Wherever a picture appears in the data below, omit it, and restate everything else word for word.

___ Source data ___

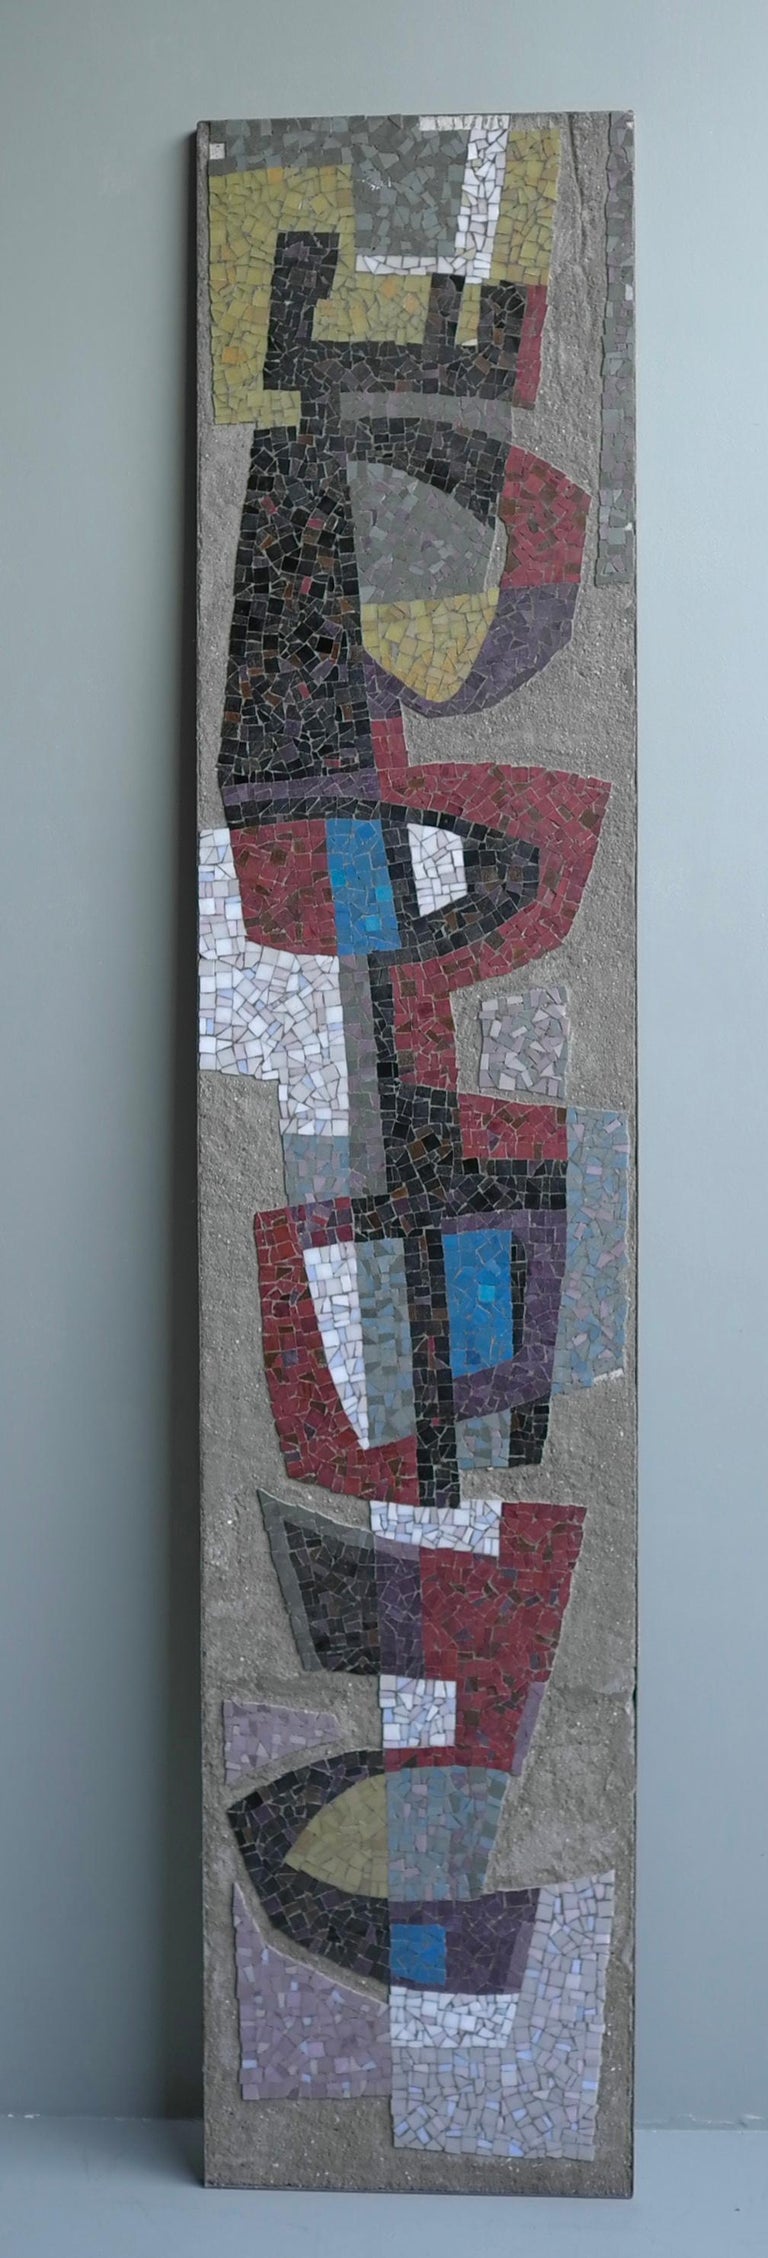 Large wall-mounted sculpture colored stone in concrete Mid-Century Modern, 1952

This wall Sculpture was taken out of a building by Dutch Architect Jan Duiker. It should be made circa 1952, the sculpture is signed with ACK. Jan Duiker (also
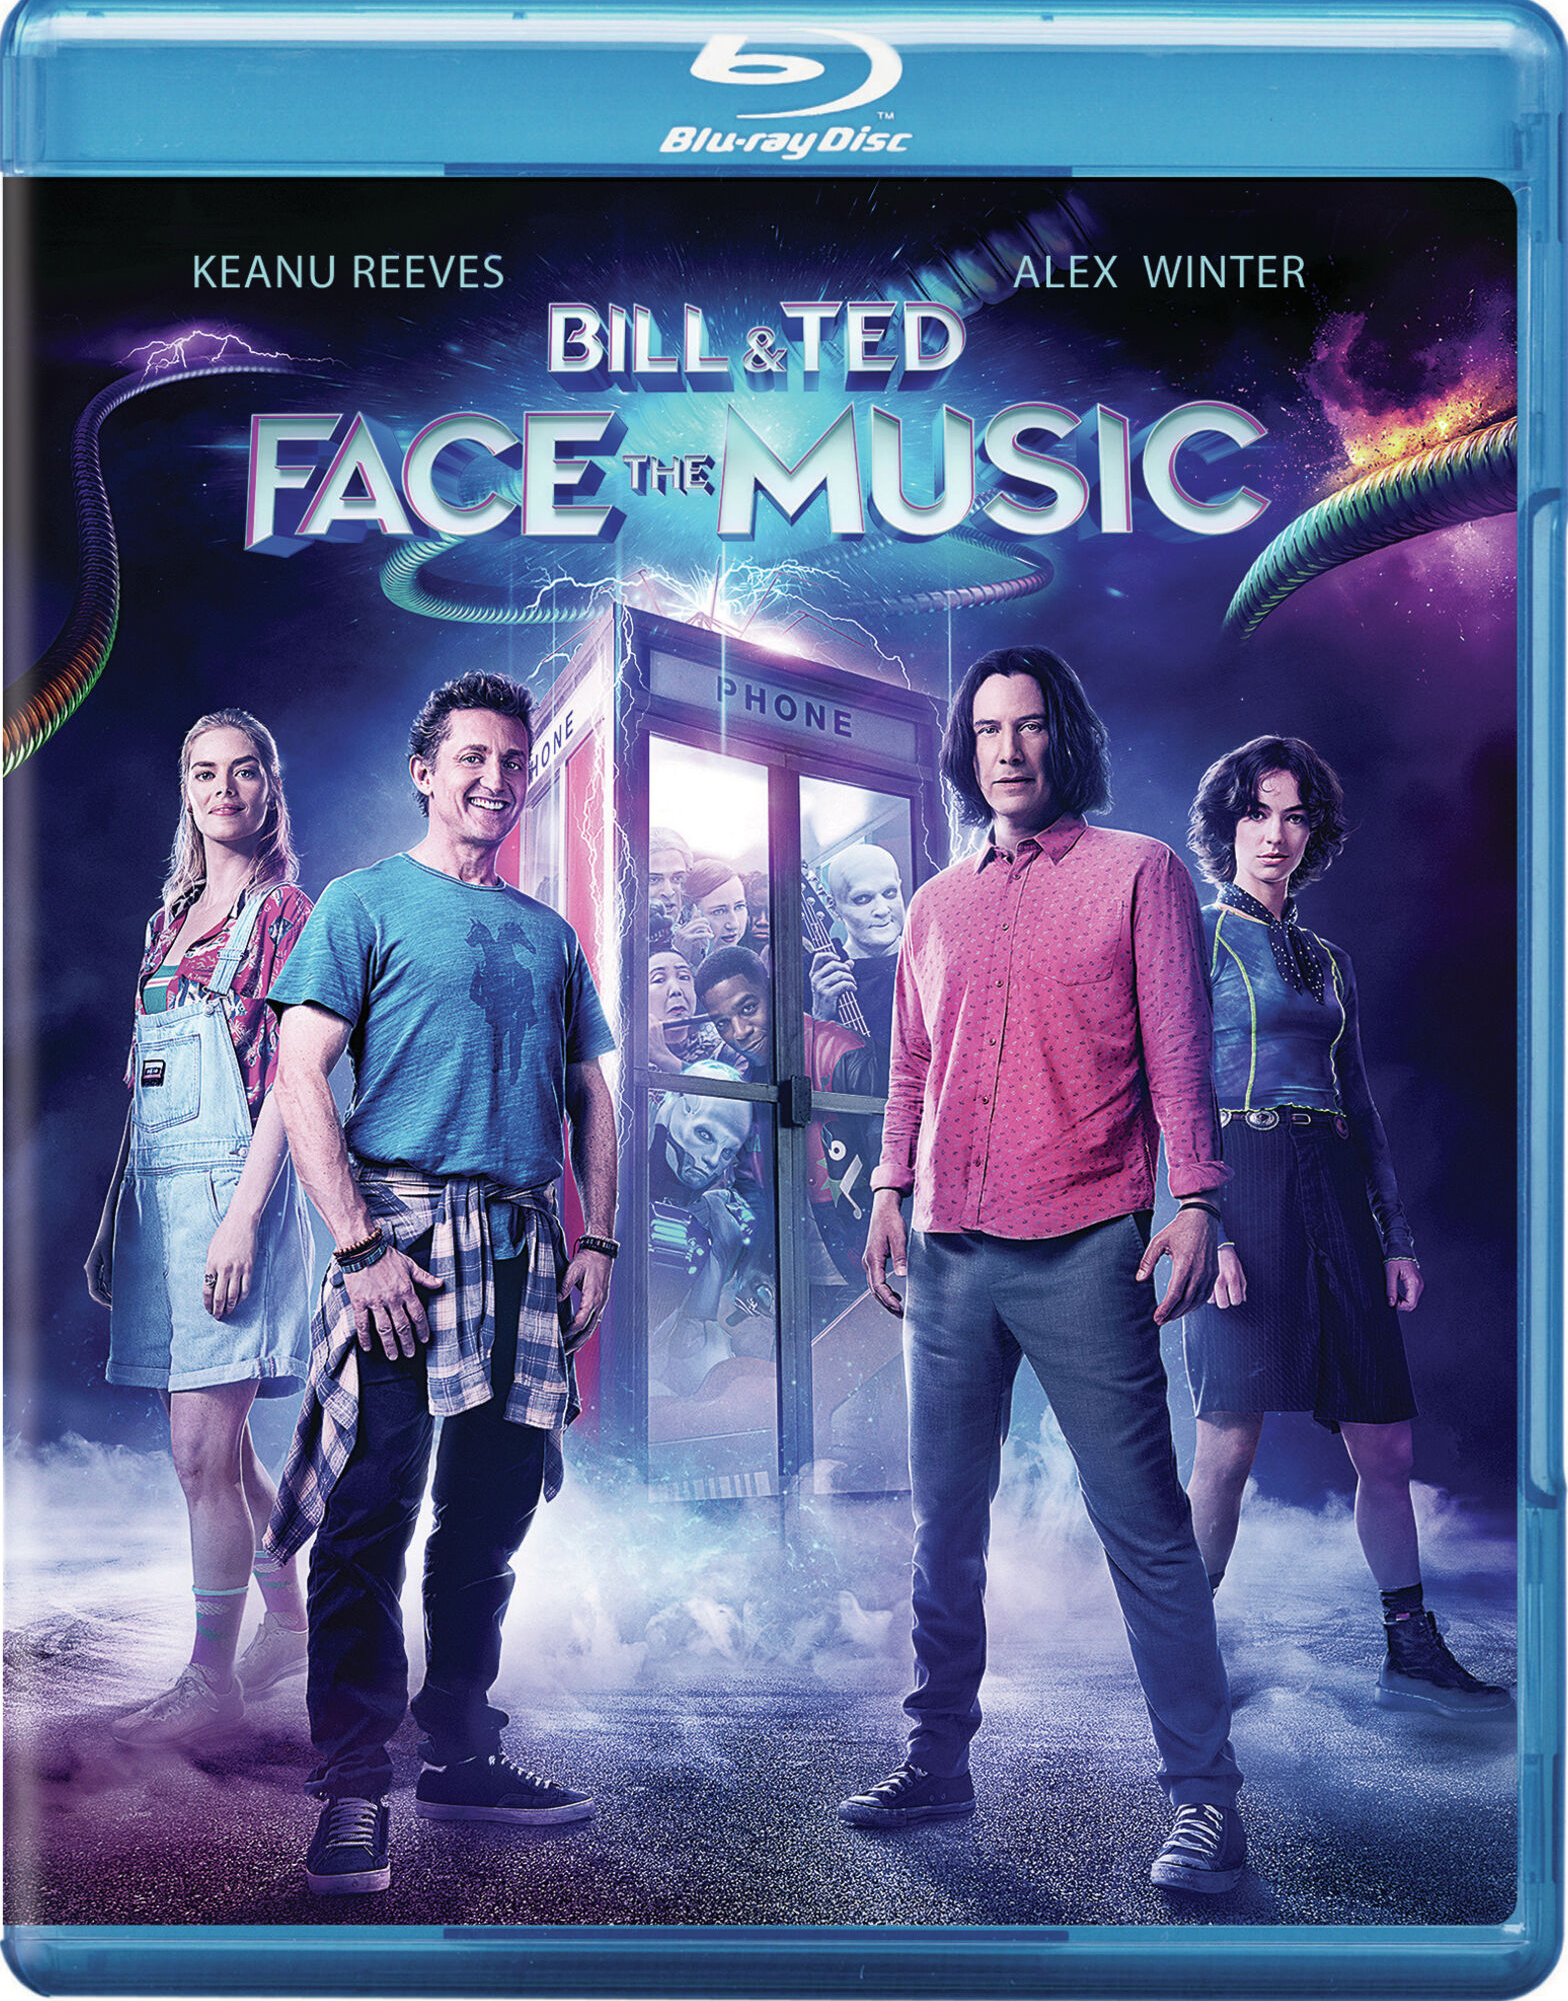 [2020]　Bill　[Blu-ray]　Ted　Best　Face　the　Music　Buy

___

• [Answer box]
 Large wall-mounted sculpture colored stone in concrete Mid-Century Modern, 1952

This wall Sculpture was taken out of a building by Dutch Architect Jan Duiker. It should be made circa 1952, the sculpture is signed with ACK. Jan Duiker (also
 [2020]　Bill　[Blu-ray]　Ted　Best　Face　the　Music　Buy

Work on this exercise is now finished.